Volume 24, Number 2, Winter, 2006


P. Bagge’s weird take on the end of the world as we know it

by Max Jahr

Apocalypse Nerd #1 and #2

By P. Bagge

Dark Horse Comics, 2005,
$2.99 each, 32 pages

P. Bagge is perhaps best known for his Reason magazine cartoon work. His quirky humor, libertarian politics, frenetic art-work, and profusely stressed-out characters appear in vignette-like sketches almost like animated narrative fiction.

Along comes Apocalypse Nerd, a six-part comic book series from Dark Horse comics, (Publishers also of the three-part Serenity comic books.) Issue #1 debuted in February 2005, and #2 arrived in stores around October 2005. The color covers mask the black and white interiors, yet the books are populated with the same Starbucks-in-veins type characters as in Reason.

Imagine the end of the world, for example via a nuclear holocaust.

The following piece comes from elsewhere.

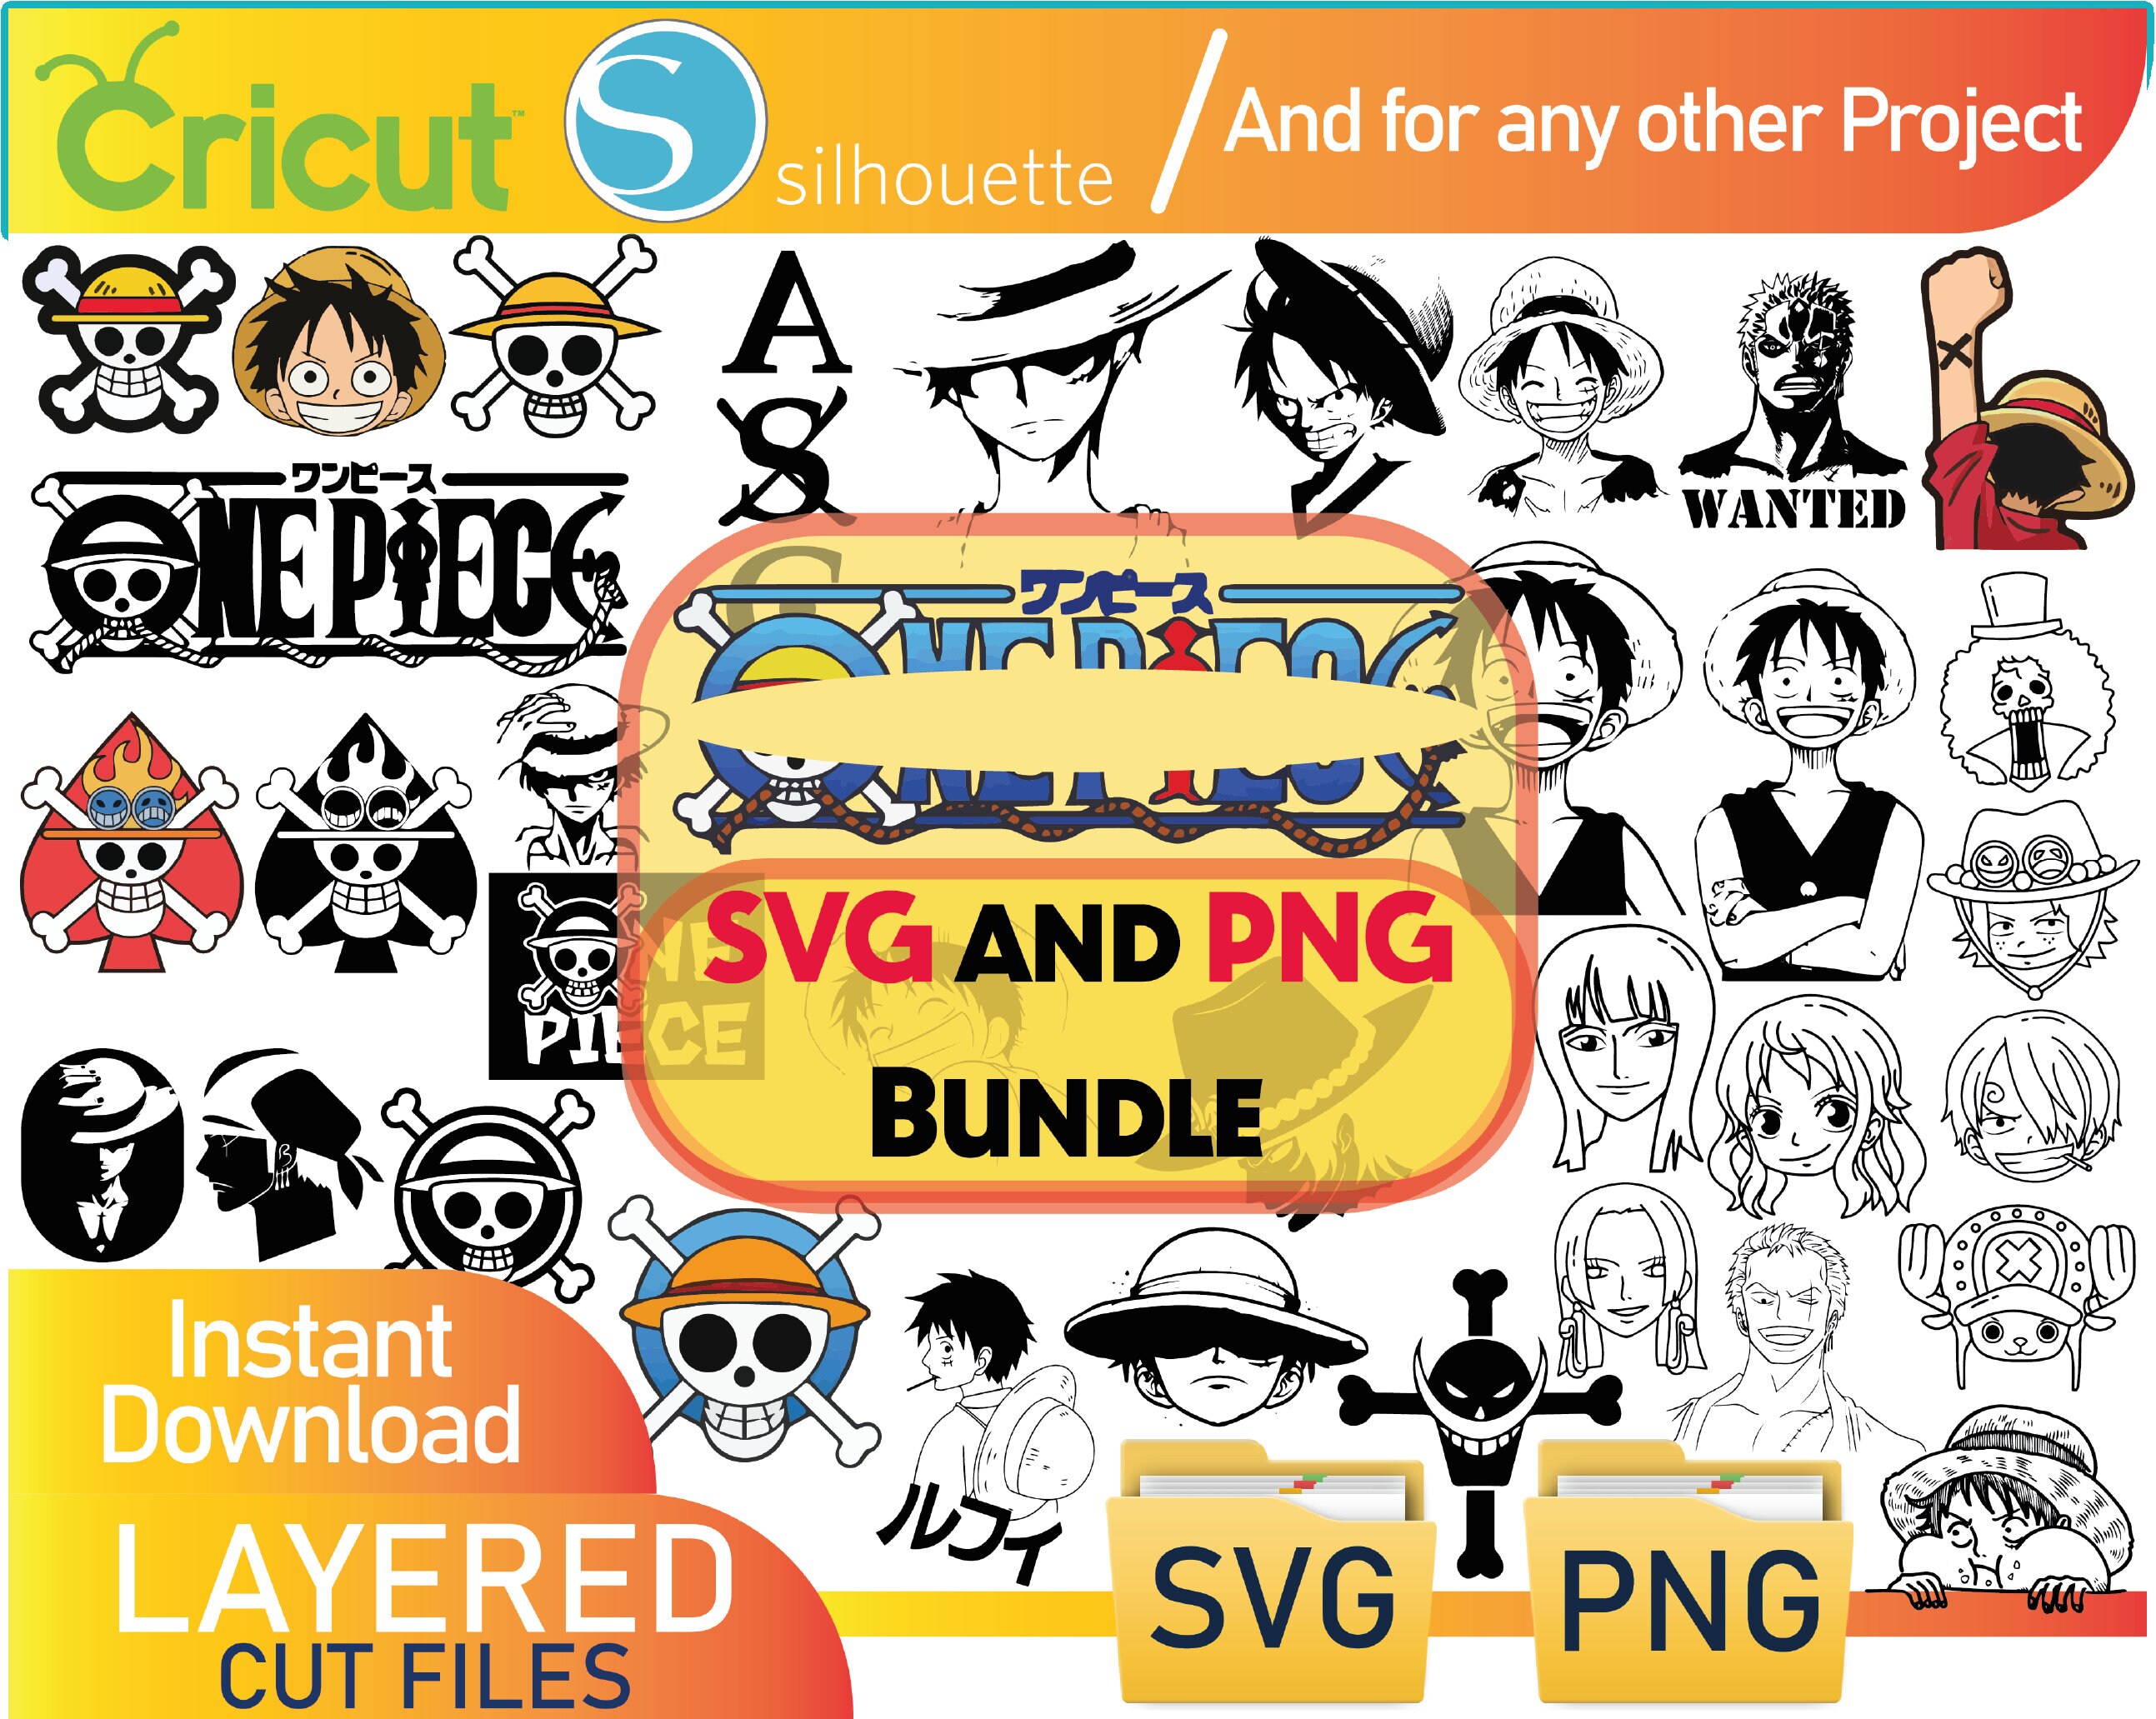 Sun God Luffy Gear 5 SVG, Luffy Grear 5 Logo SVG, One Piece SVG

Bagge’s heroes, two disparate buddies heading back to work in the big city after a week at a cabin in the woods, encounter a world gone mad heading in the opposite direction. Chaos erupts at a gas station, shots are fired, and anarchy rules the day. They’re informed that the Koreans nuked the US, and people are fleeing the cities en masse. What’s a middle-aged computer geek with zero survival skills and a crazed Republican shoot-first-ask-questions-later supposed to do? Head back to the cabin and hunker down, that’s what.

The first issue of Apocalypse Nerd details the initial shock and first attempts at survival in the woods. Faced with starvation, the two city folks must figure out how to get food, and worry about what might happen if someone else (the owner, for example) should stumble across their hideaway. One of the men has a rifle, and some experience with it, so he heads out to bag a deer. The kill is not clean, and the uber-nerd is forced to use drastic and gory measures to finish the poor animal.

Picking up six weeks later, issue #2 finds our two heroes suffering from an unmixed diet. Too much deer meat appears to have a disastrous affect on the intestines, sending the nerds into thunderous gassy outbursts and spasmodic fits of the runs. In graphic detail, one of the men is interrupted by the arrival of the cabin’s owner, who is quickly dispatched by the gun-toting partner. The owner’s wife and two kids, who witnessed the whole thing, run screaming into the forest.

Wracked by a brief moment of conscience, the wimpy computer jock decides to leave the cabin and head back to town. He makes it almost back to a gas station when his buddy appears, and they decide two people are better than going it alone. At the gas station they manage to bungle events again; with the result being another dead body. Apocalypse Nerd is not for the squeamish, and not always funny, but has its moments. So grab your bug-out-bag, your Claire Wolfe books, and head for the hills with Bagge on one weird ride. Each issue functions as brief window into a world gone mad, with people unprepared to deal with the situation, screwing up everything along the way. One of character sums it up as follows: “I know it’s not funny. What is anymore. It’s either laugh or cry, ya know.”

As a bonus, each issue features a savagely irreverent look at the Founding Fathers. Comic books attack your sensibilities far differently than novels or movies. There’s little or no libertarian content to speak of at the moment, and it will be interesting to see how Bagge handles the remaining four installments. What’s left of civilization for these two crazy nerds to find?